Jim Steyer, managing director of advocacy group Common Sense Media, describes Facebook’s tactic as “the classic approach to brand marketing, which is to hook kids up as early as possible” – which benefits his business by ensuring a pipeline of users.
“One, you get their loyalty from the cradle to the grave. And second, if you’re lucky, you bring their parents with them,” he said.
Facebook says Instagram Youth is still in its infancy and prioritizes security and privacy.
“As all parents know, kids are already online. We want to improve this situation by providing experiences that give parents visibility and control over what their children are doing,” said the Facebook spokesperson, Liza Crenshaw, in a statement.

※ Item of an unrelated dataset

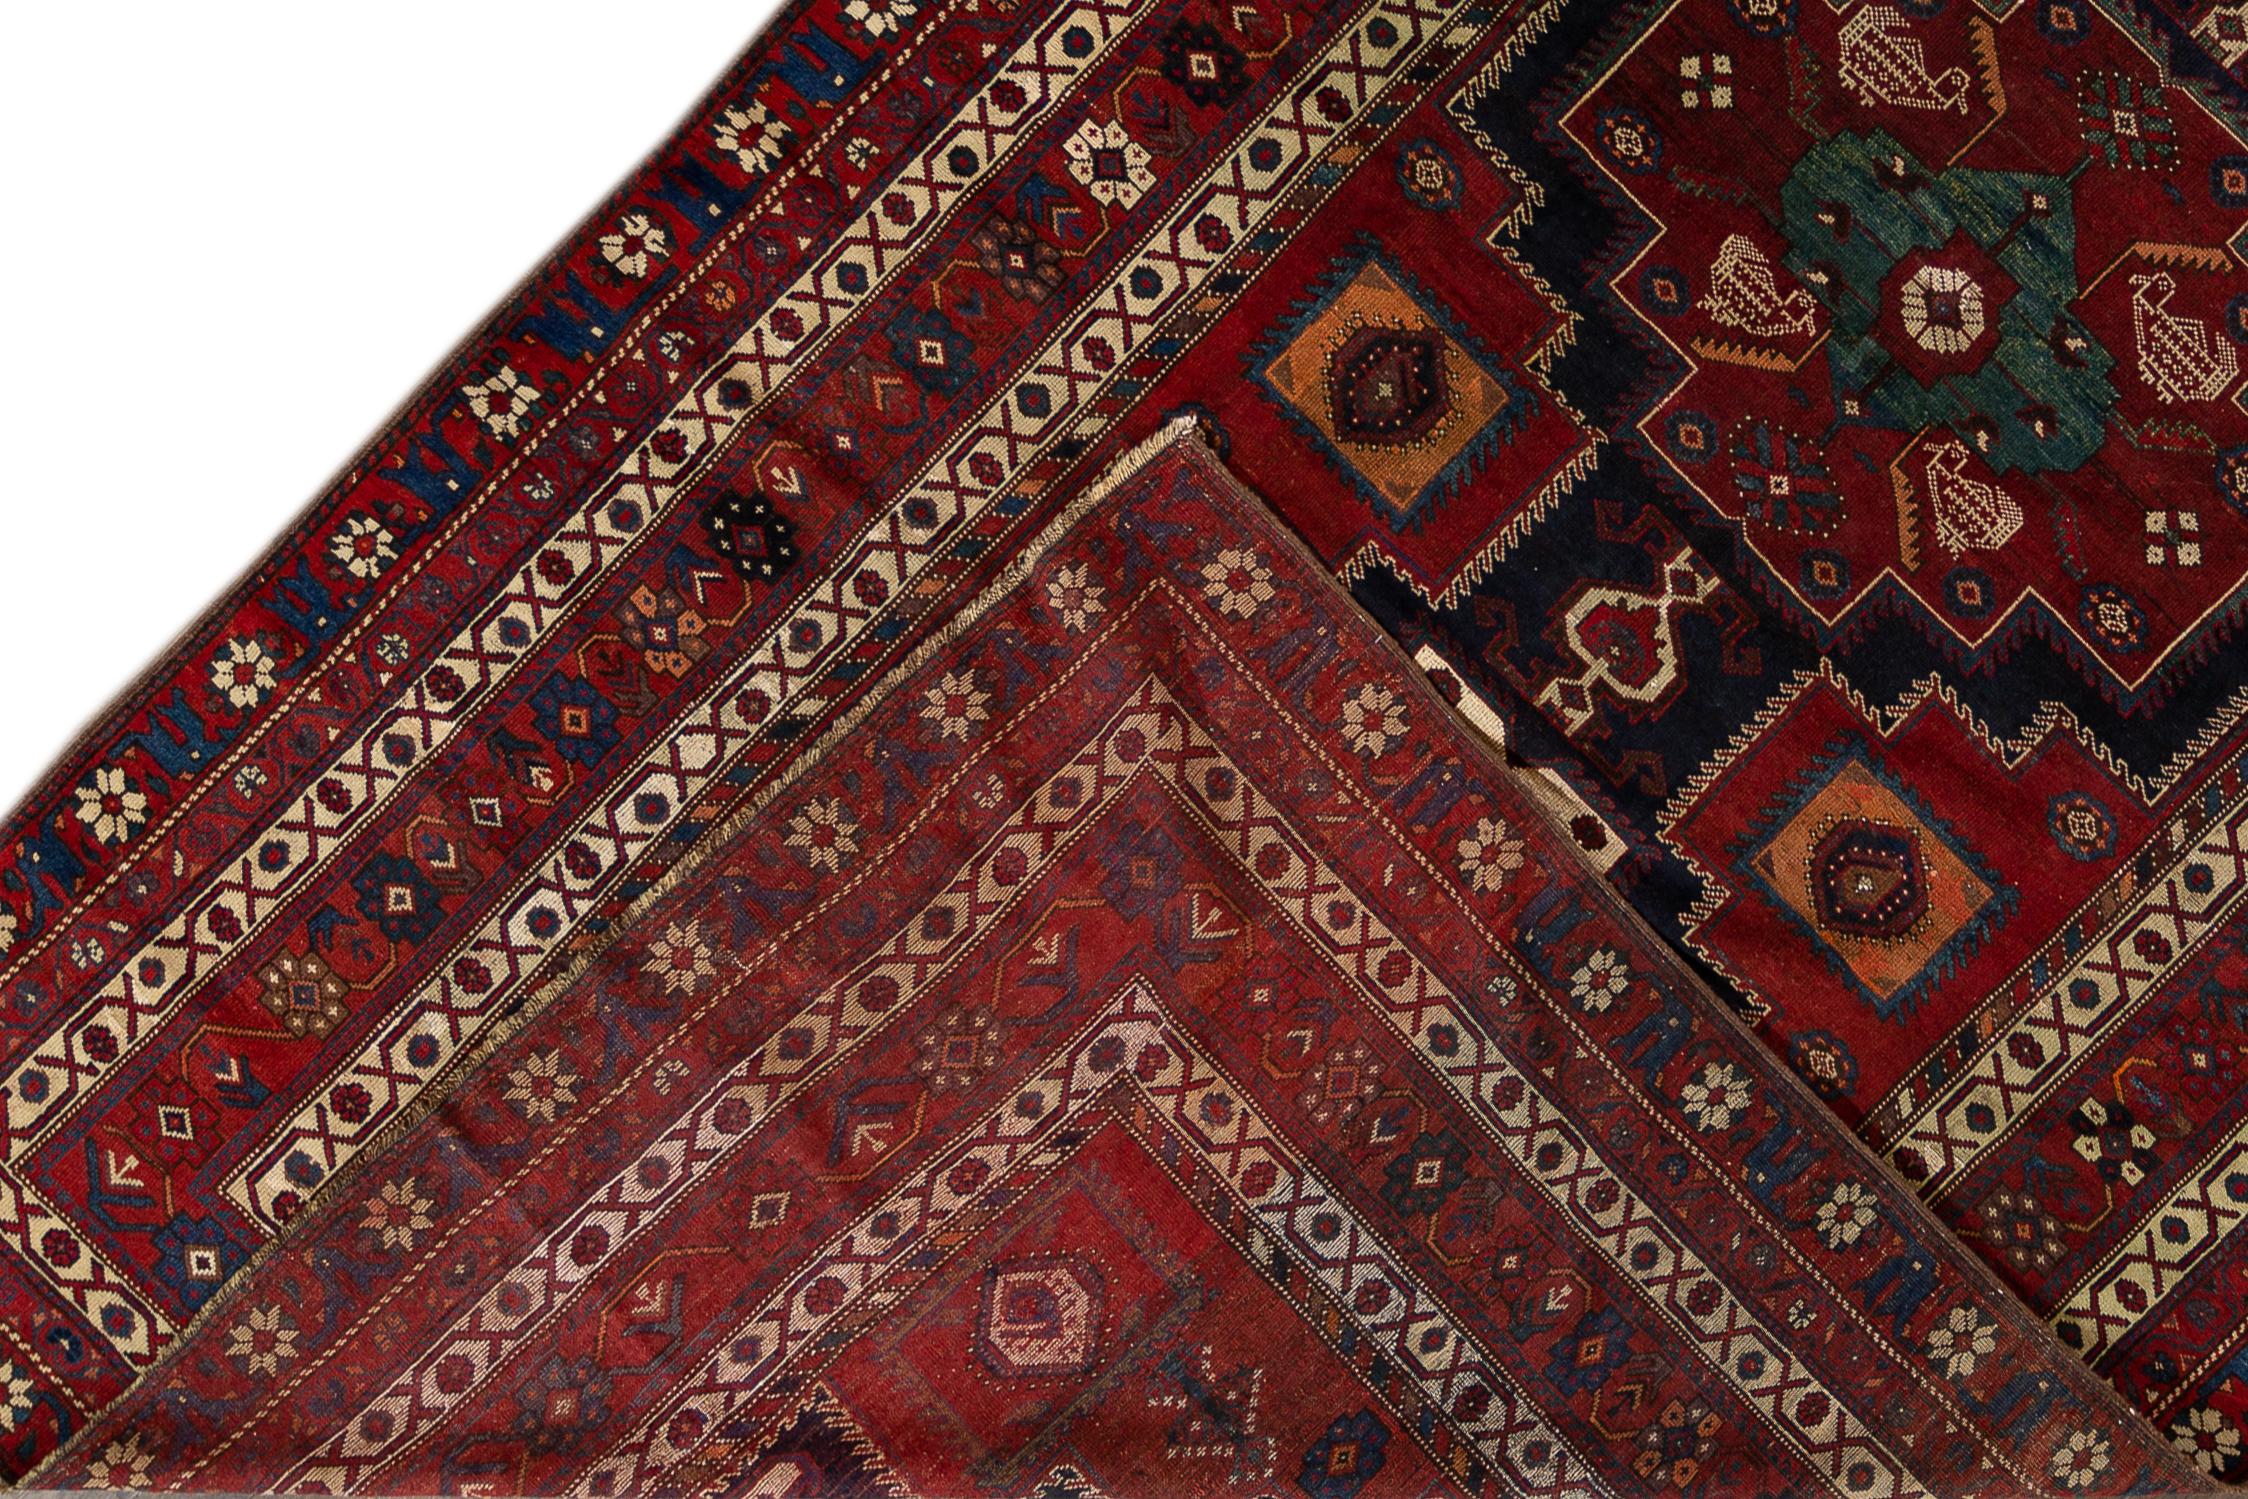 Early 20th century Caucasian blue rug. Measures: 6'9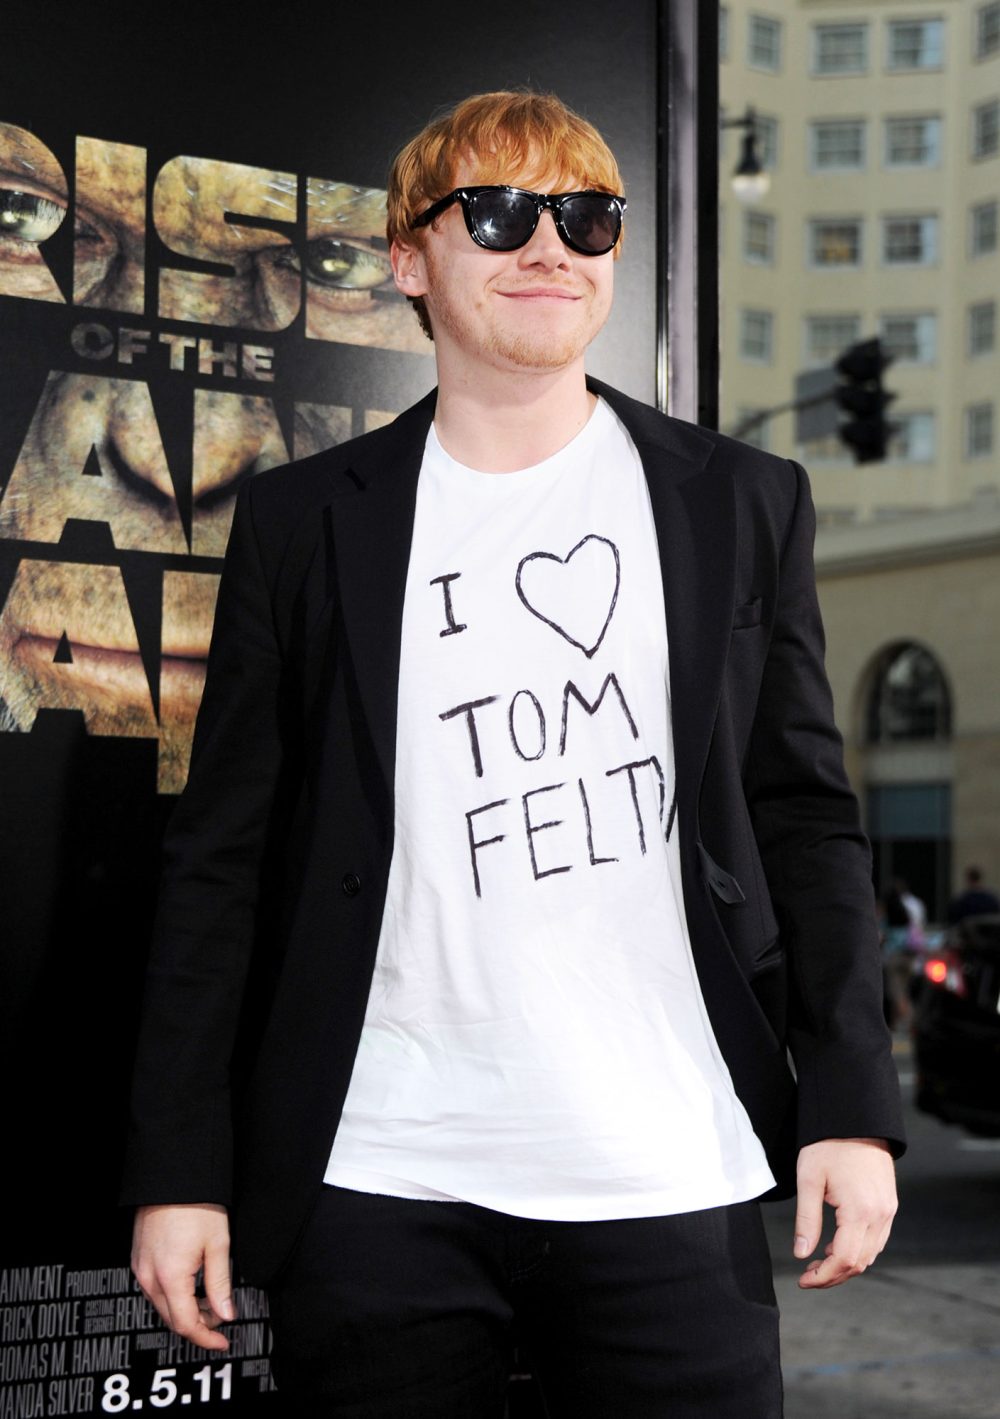 Role Reversal! Tom Felton, Daniel Radcliffe Want to Work Together Again Post-Harry Potter

“We will develop these experiences in consultation with experts in child development, child safety and mental health, and privacy advocates. We also look forward to working with lawmakers and regulators. Plus, we’re committed to not serving any ads in the Instagram experiences we develop. for those under 13, ”she said.
“We are not asking social media to raise our children”
Some parents NPR spoke to said they would be interested in letting their kids use a version of the app with more limited content and the ability to monitor what they’re doing.
But San Diego father Buyung Santoso said his children, aged 11 and 13, would not go for it.
“My daughter said yesterday that she didn’t think it would work,” he said, “because kids can do whatever they want whether you need permission or not.”
Critics say that instead of building new apps for kids, tech companies should focus on making their existing products safe for kids they already know.
“The most important thing platforms can do is not turn a blind eye, but deeply recognize how their platforms will be abused and build for it – to secure this most vulnerable user,” said Cordua, CEO of Thorn.
Titania Jordan works for Atlanta-based software company Bark, which helps parents monitor their children’s online activity, and is a mom to a 12-year-old son who loves TikTok and Snapchat.
“We are not asking social media to raise our children,” she said. “It’s not their job. Don’t make our job harder.”